Cameron said at a joint press conference with Sobotka that he would “welcome” an alternative plan that gave Britain control over its welfare bill.
The Czech leader appeared to back the idea of an “emergency brake” on migrants’ in-work handouts.
He said: “We discussed other possible alternatives to make it possible for the UK Government to respond to the mass influx of workers”.
Prague is the latest stop on Cameron’s lengthy diplomatic tour of the continent ahead of a Brussels summit on February 18th.
The Prime Minister is still “confident” that he will be able to come to an agreement with other EU heads of government before then.
He told journalists in Prague: “I firmly believe there is a pathway to an agreement.
“I am confident that with the help of European partners and with goodwill we will be able to get there and find mutually satisfactory conclusions.”

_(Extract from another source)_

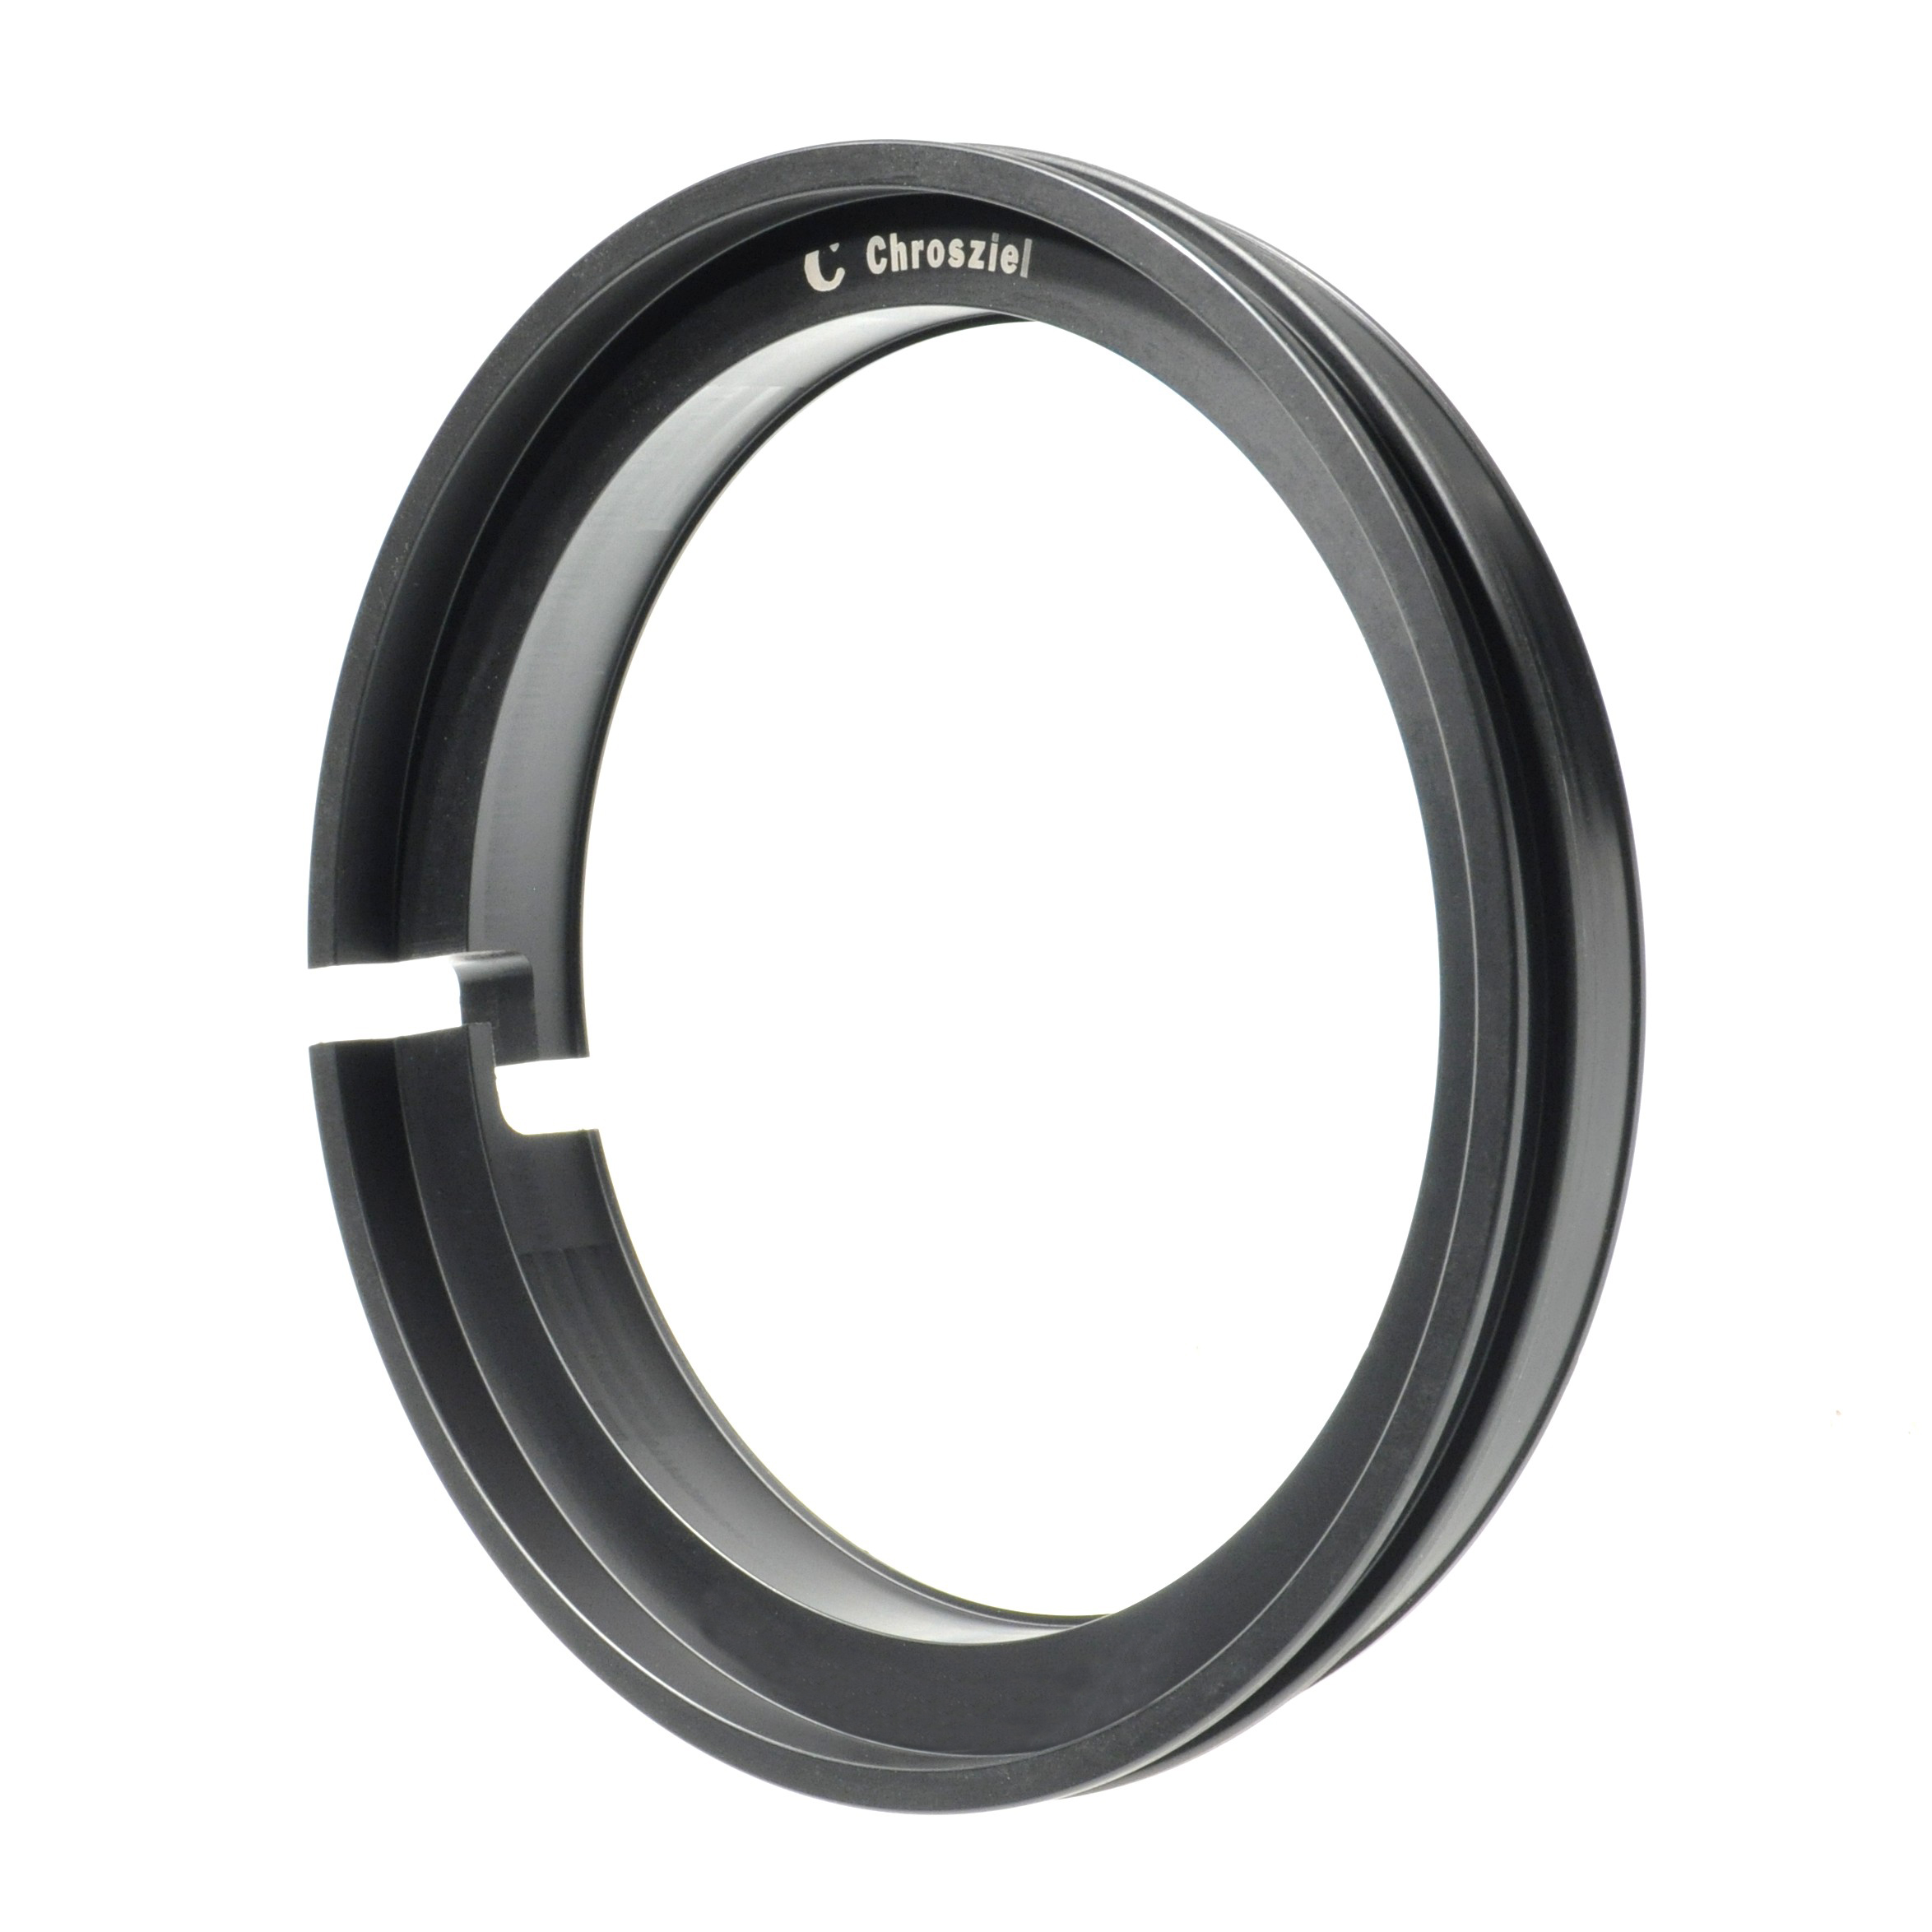 Step-down Ring Ø 130:105mm for MB456 and MB450

His pledge came in the wake of French prime minister Manuel Valls’ warning that huge numbers of Iraqi and Syrian migrants were putting the future of the EU and its borderless Schengen Agreement in “grave danger”.
He said: “We are not in Schengen, so let’s be clear Britain has its own border controls and we are going to maintain those border controls whatever anyone else in Europe decides to do
“What I would say to European colleagues and Schengen members is that you have to have a strong external border if you are not going to have internal borders.
“Britain recognises that, even outside Schengen, clearly it’s in our interests that we have this situation brought rapidly under control.”
European ministers are to meet on Monday to discuss extending border controls within the passport-free Schengen travel zone in order to stem the tide of migrants.